- What the task asks
The reply should consist solely of the lines from the one with "Hasbro Star Wars" through the final line of the listing, copied exactly, with no pictures.

- Data block
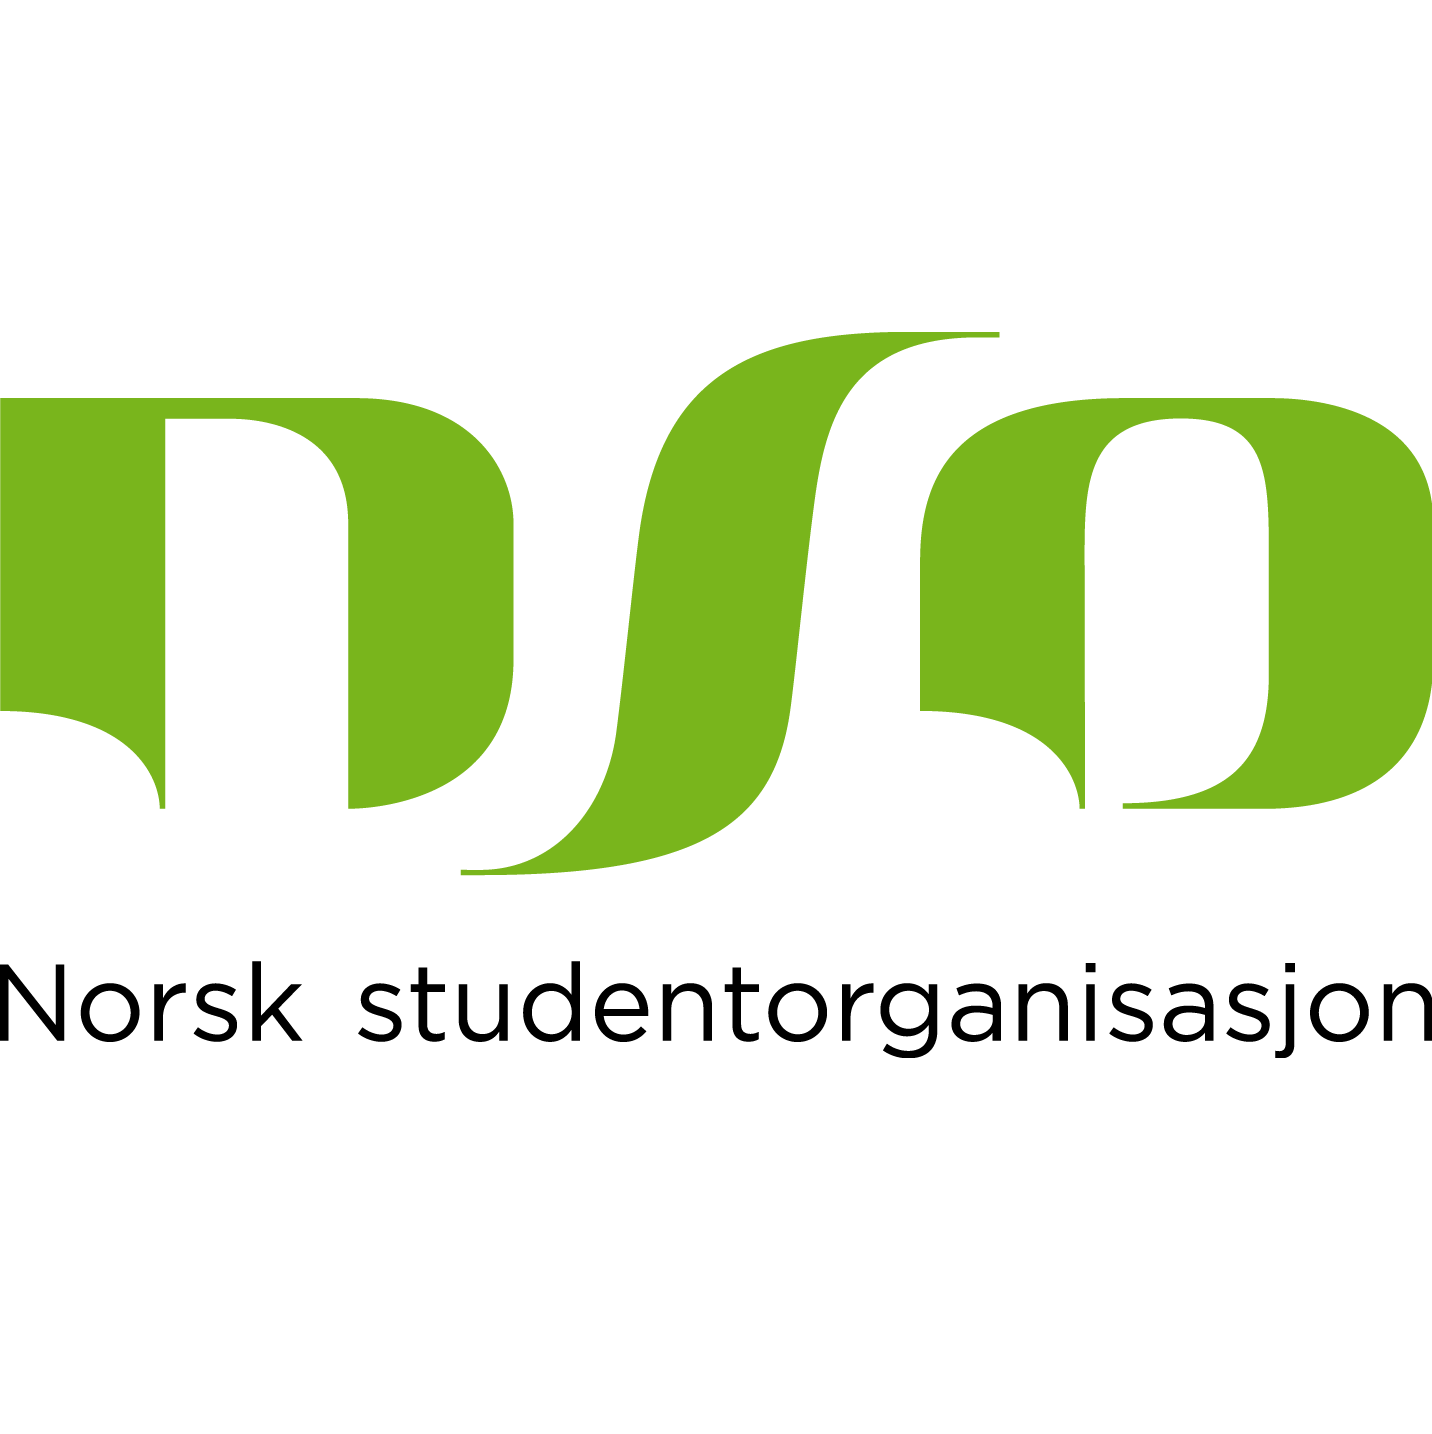 Norsk studentorganisasjon SOS International survey partner
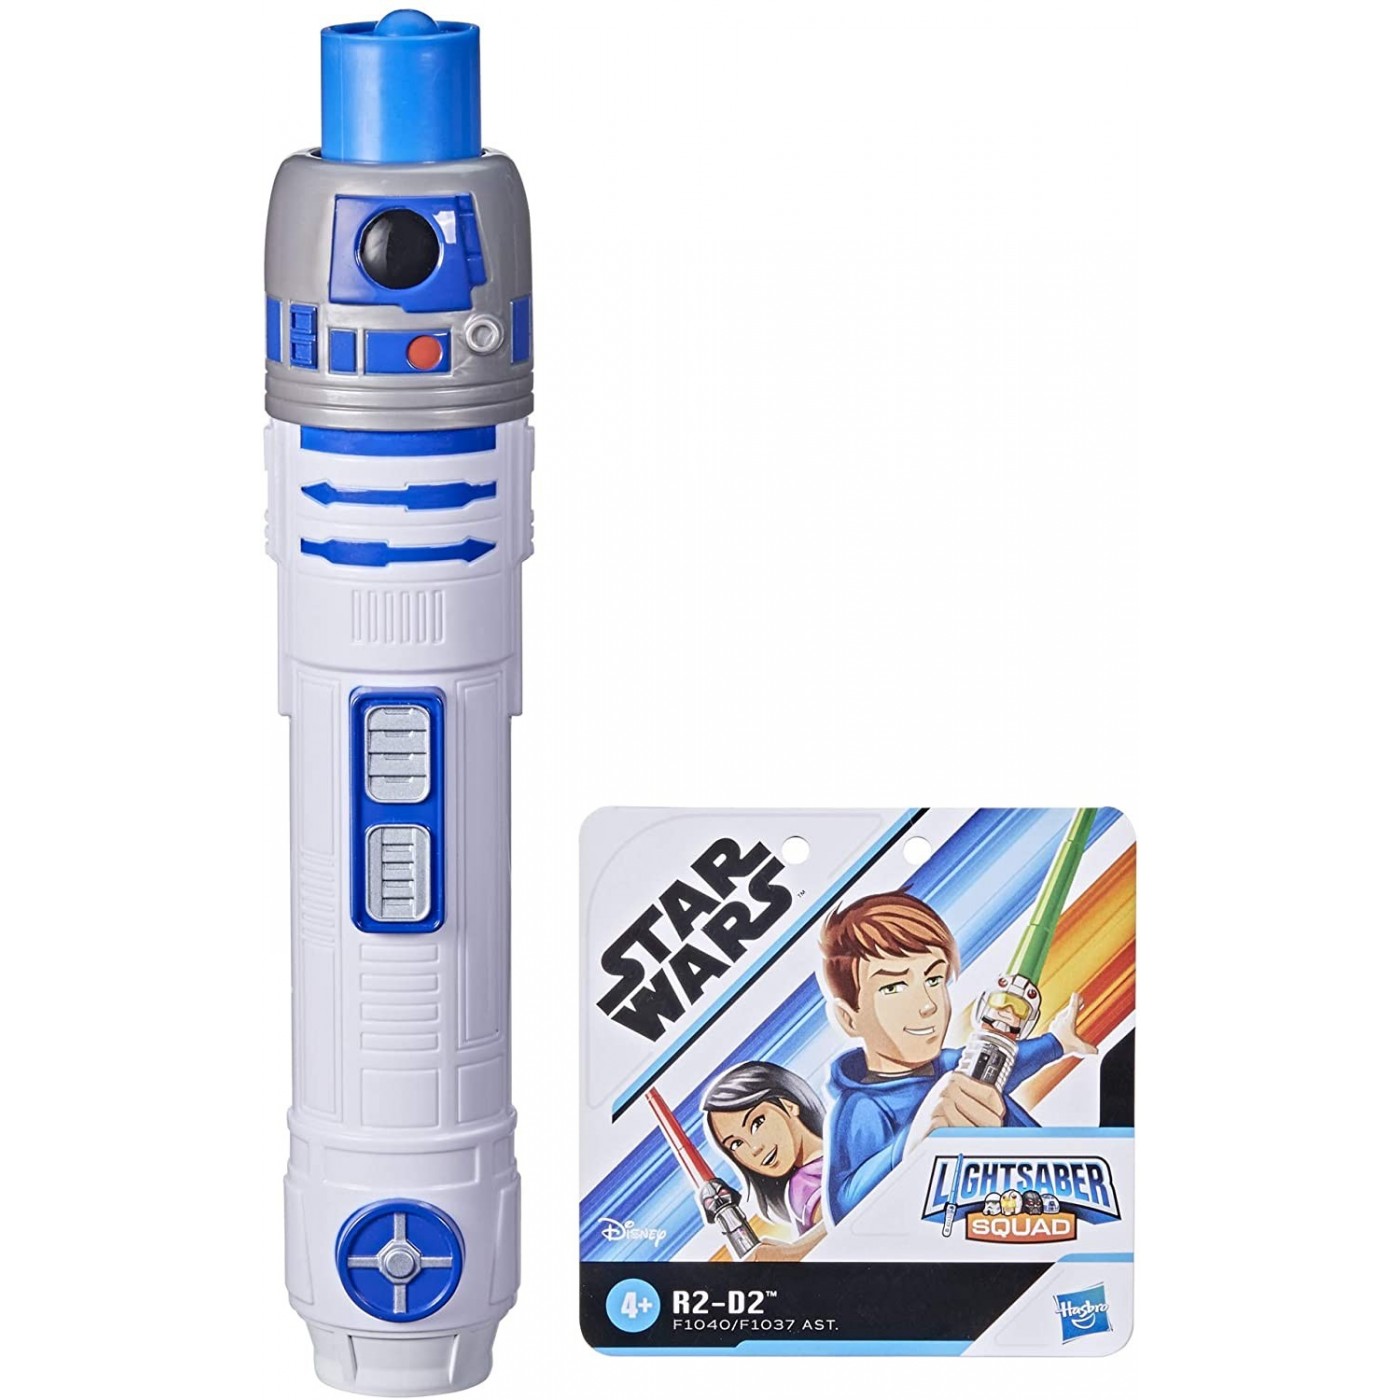 Hasbro Star Wars Lightsaber Squad R2-D2 Extendable Blue Lightsaber (F1037/F1040)
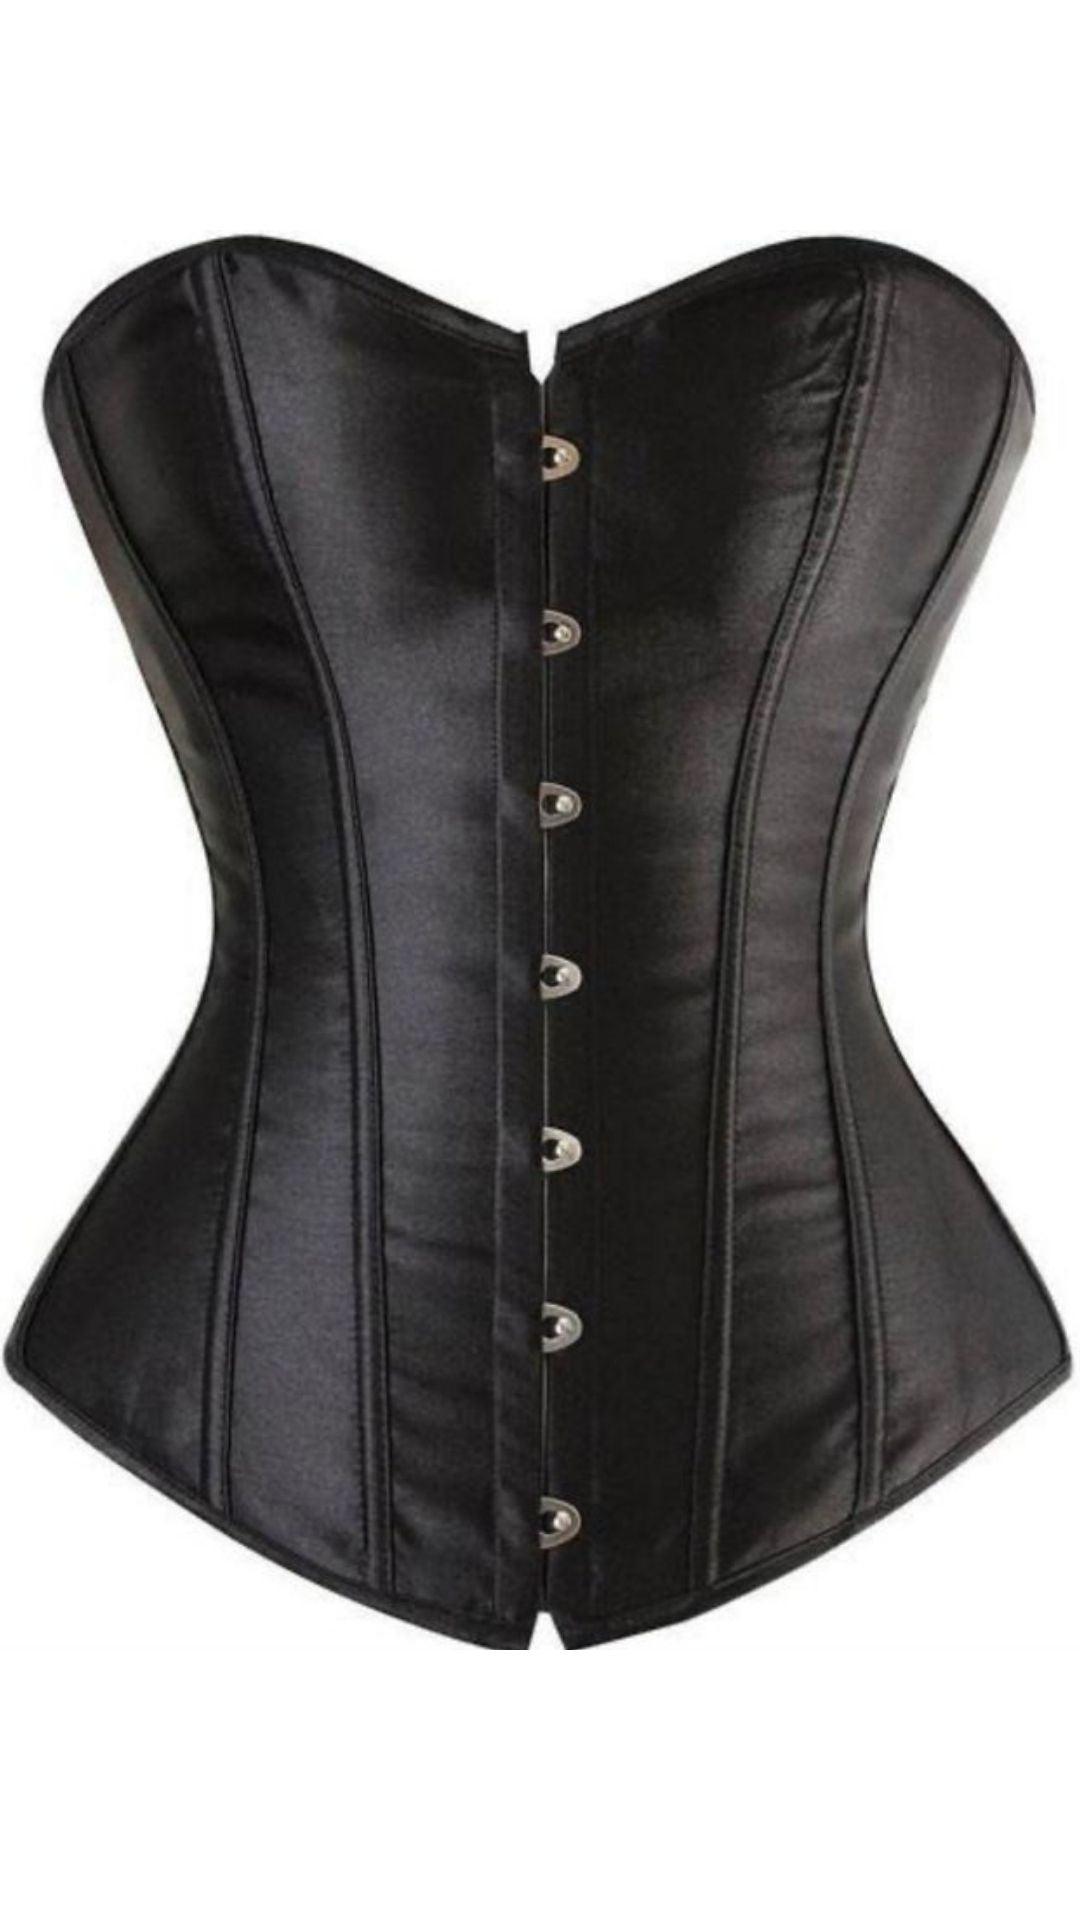 Satin Black corsets - Valour

- Output
 Hasbro Star Wars Lightsaber Squad R2-D2 Extendable Blue Lightsaber (F1037/F1040)
 Satin Black corsets - Valour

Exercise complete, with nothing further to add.